LITR 5731 Multicultural Literature
Colonial-Postcolonial

Final Exam Essays 2009

essay 2: 4-text dialogue

Tim Assel

Dialogue on the Voices of Colonization in Africa

In a society where a dominant group of people retains authority over a dominated group, the way to break through the self – other identity of the dominating group is to create a voice for the dominated people. This voice can then be shared with the dominating group to make them aware of prejudice and feel sympathy for the injustice enacted upon the dominated group. In the study of post-colonial texts this semester, four works have woven together to accentuate the argument for the establishment of voice. These texts are: Heart of Darkness, Things Fall Apart, "An Image of Africa: Racism in Conrad's Heart of Darkness," and "Conrad's Image of Africa: Recovering African Voices in Heart of Darkness."

Even though Conrad intended to criticize the European colonization of African in his novel, Heart of Darkness, almost all of the African characters are marginalized to the point of dehumanization. Conrad offers little interaction between the story’s narrator and the various Africans encountered in the novel, and the interactions Marlow has with Africans is artfully colored in a way which makes the Africans seem as taciturn and mysterious as the Congo itself. The voiceless characterization attributed to Africans in Hear of Darkness demonstrates Conrad’s utter disregard for Africans as humans incapable of being equal to the European race. Mwikisa claims that neither Conrad nor any of his contemporaries anticipated a future African readership, which is perhaps the cause of why the Africans in the novel remain voiceless.

Achebe criticizes Conrad’s racist mindset in his essay and clams that Conrad’s novel illustrates how European culture had set up Africa as its moral opposite. In the European mind, Africans served as the "other" which established the definition of "self" for Europeans. To Achebe, Conrad seemed to be an author who was tolerant of the African "other" as long as that "other" was kept in their place, and that place was segregated from European civilization and silent to the ears of European colonizers.

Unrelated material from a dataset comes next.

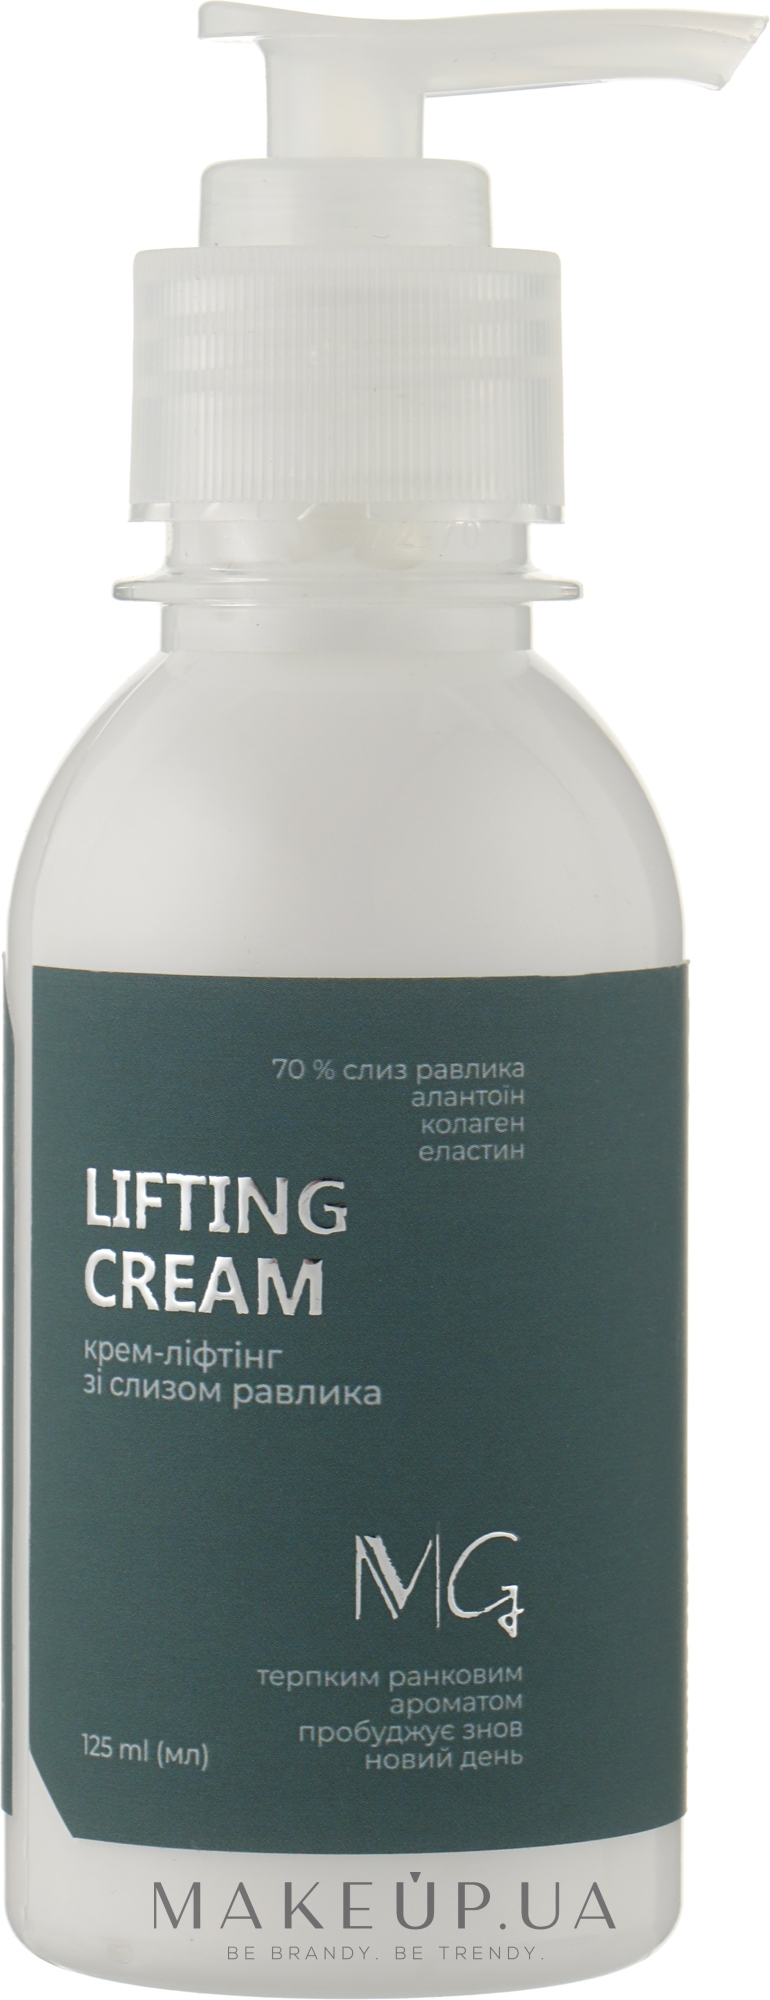 Крем-лифтинг со слизью улитки - MG Lifting Cream  — фото 125ml

Two examples are highlighted by Achebe as instances in Heart of Darkness where Africans are allowed to speak. The first example occurs when Marlow’s crew reverts to cannibalism and one of the crew expresses his desire to catch and devour the attacking savages. In the second example, Marlow expresses his dislike for the manager’s boy as the boy proclaims the death of Kurtz. Achebe claims that in both of these examples, Conrad villainizes and demeans the African characters of the story by placing emphasis on cannibalism and disrespect for the dead.

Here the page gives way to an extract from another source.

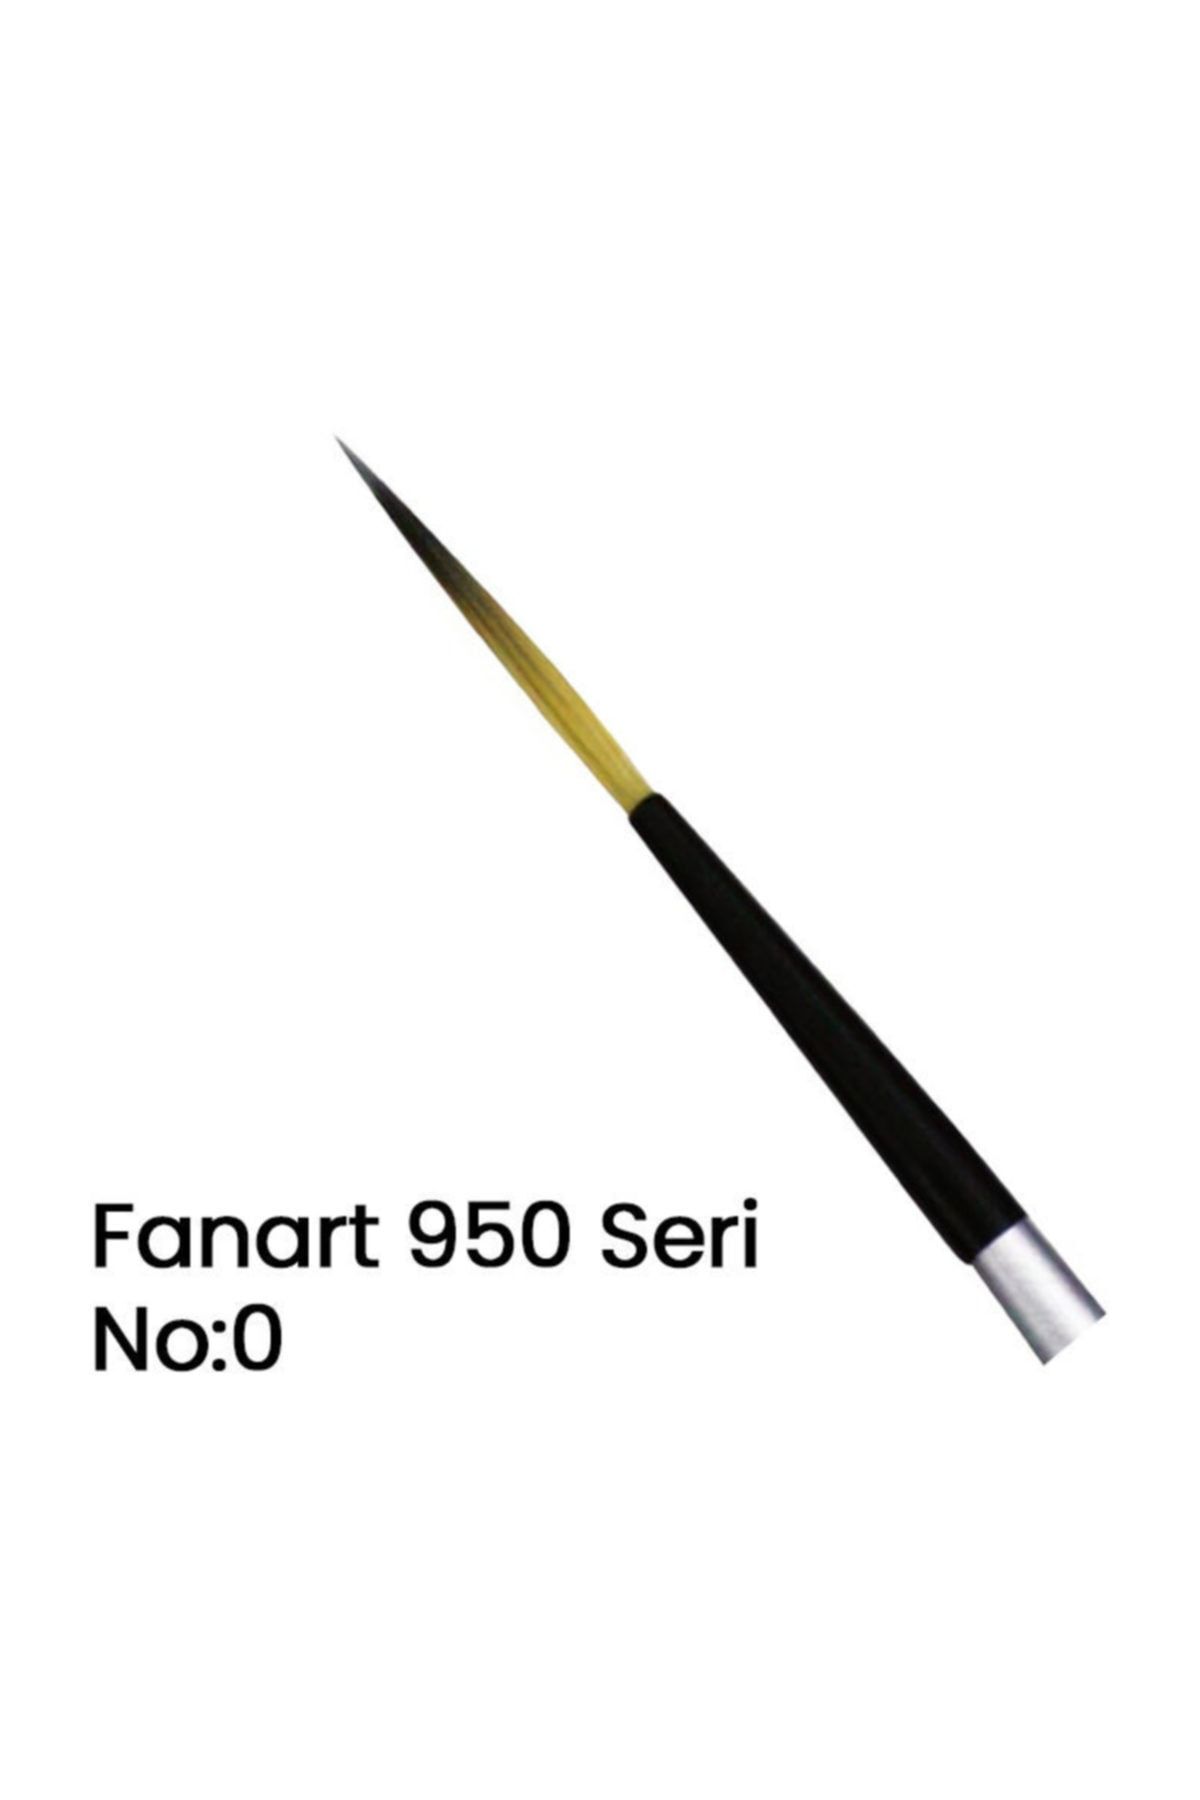 Fanart 950 Seri Çizgi Fırça No 0

Mwikisa offers an alternative reading to Conrad’s disregard for African voice in Heart of Darkness. In his essay, Mwikisa searches for glimpses of humanity in Conrad’s portrayal of Africans and claims that previous neglect of the African voices in the novel has been caused by ethnocentric misreading. Two examples of these misread sections described by Mwikisa are: Kurtz’s last words and Marlow’s encounter with Kurtz’s Intended. Mwikisa claims that both of these examples show that Conrad acknowledges "fundamental flaws" in Europe’s colonization of Africa.

Just as Conrad suppresses the voice of Africans in Heart of Darkness, Achebe commits a similar omission of European voice in Things Fall Apart. In Achebe’s novel, European missionaries serve as the "other" which allows Okonkwo to create an African identity. Okonkwo serves as a voice for the colonized Africans to speak out of the silence enshrouded upon Africans by Conrad. Fictional novels, like Things Fall Apart are necessary to give character to the voice which Achebe is attempting to create for the African people.

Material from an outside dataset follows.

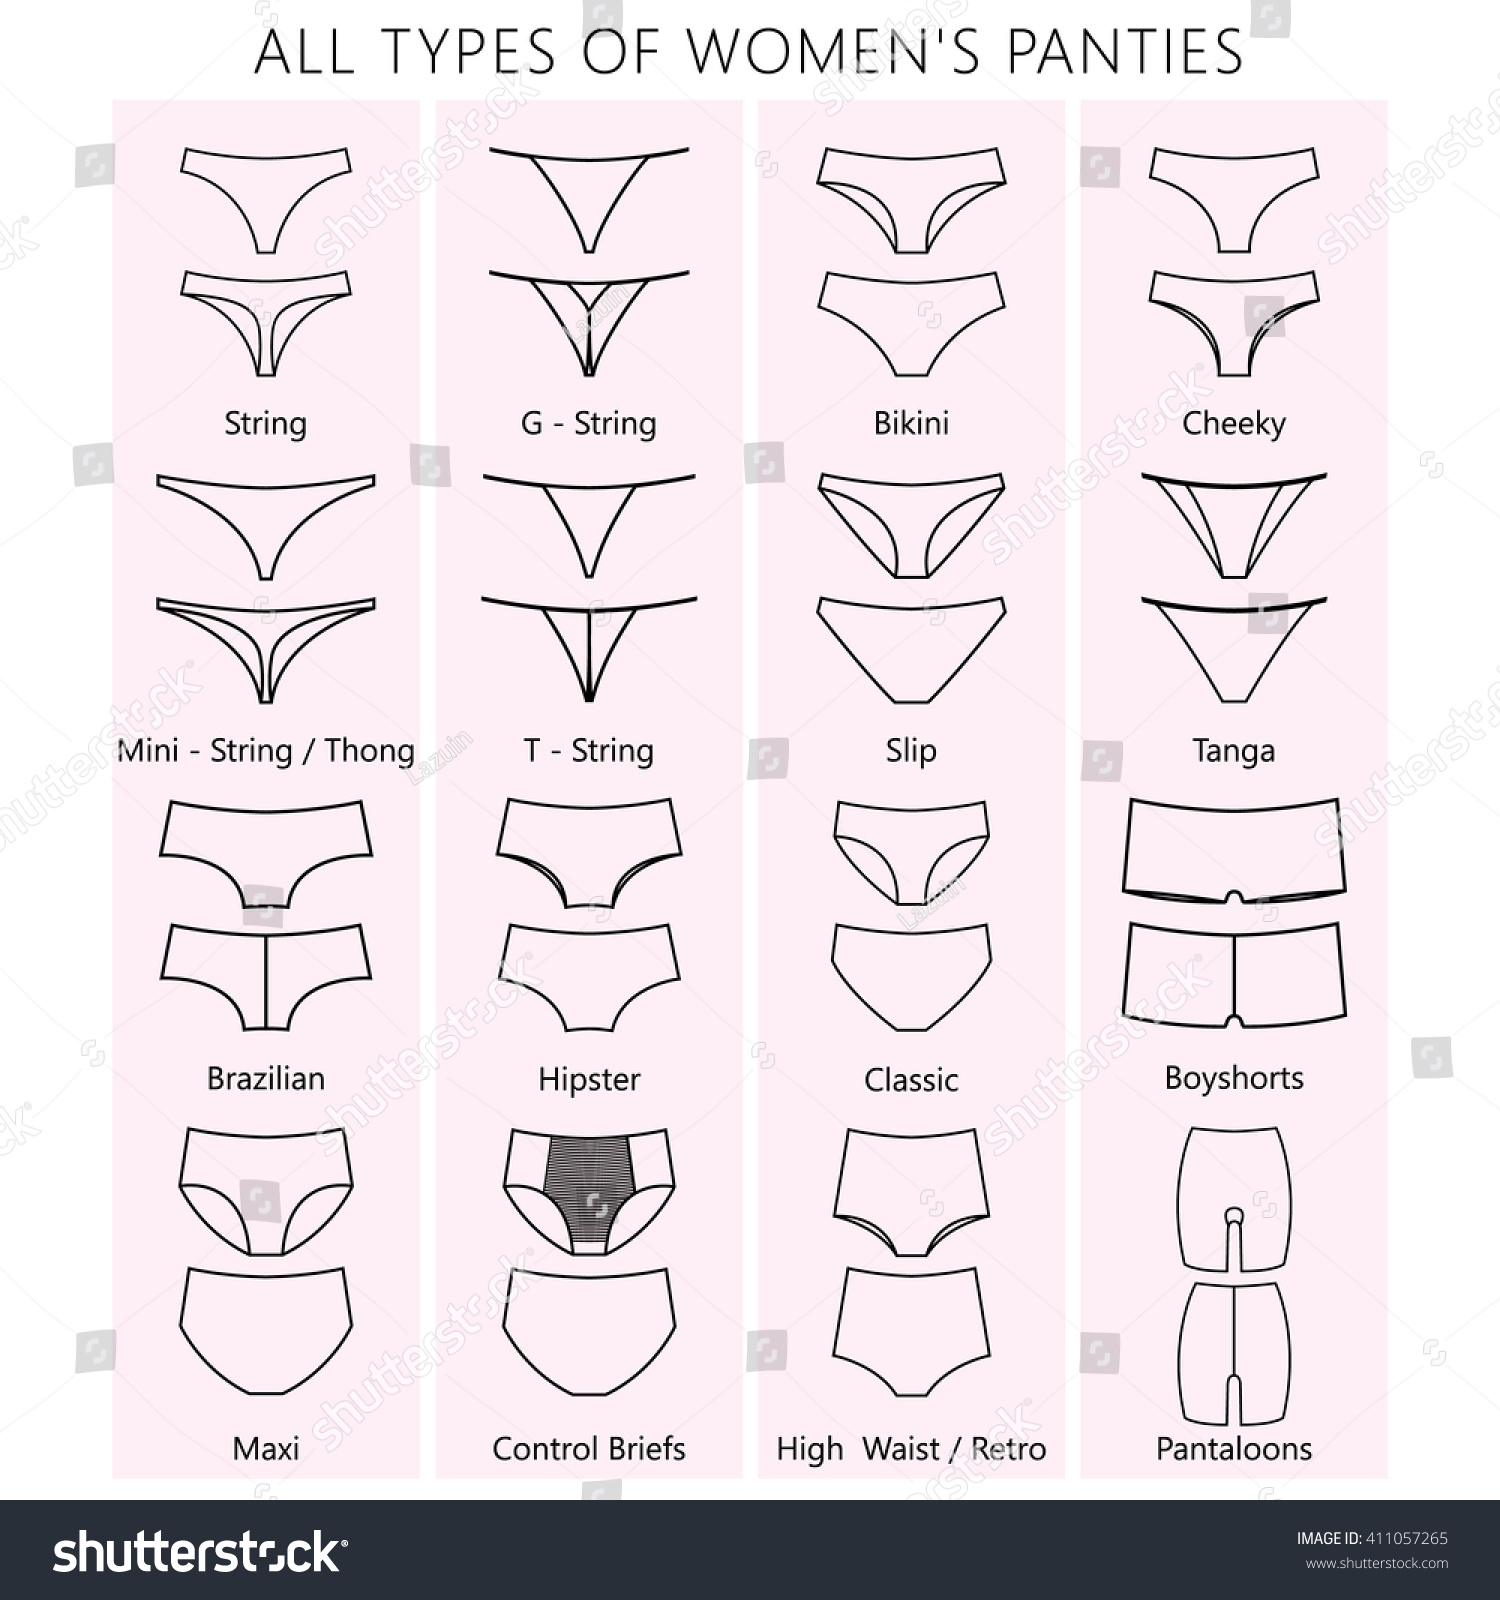 All Types Of Panties 119

Fictional stories, like Things Fall Apart, deepen a student’s knowledge of world history and international relations more effectively than other subjects because novels can incorporate more diverse voices and cultural narratives. An author from a culture outside of the dominant academic culture will be able to communicate more effectively through literature than through works of history or sociology. This is especially true for cultures transitioning to modernity from primitives societies. In old-world cultures, oral traditions and storytelling have been the primary means of communication. Moving from these traditions to the writing of novels is one of the steps towards modernity. For a culture transitioning from old-world to modernity, the authors who take from oral traditions to write their novels are in-between the two cultures, similar to how transnational migrants exist in-between and blend elements of their old and new cultures.

The dialogue between these four texts would fit perfectly into a multicultural curriculum on American Civil Rights history, literature, and media studies. Heart of Darkness is a fixture in Western education that would serve as an entrance for post-colonial studies to invade the traditional classroom setting. The writings of Achebe and Mwikisa provide both opposition and support of the messages Conrad attempted to convey to Europeans about colonial Africa and expand Conrad’s depiction of colonization to include the voices of the colonized along with the voices of the colonizers. The marginalization and discrimination encountered and overcome by colonized people would relate very closely to the struggle of minorities in the U.S. for equality with the white majority.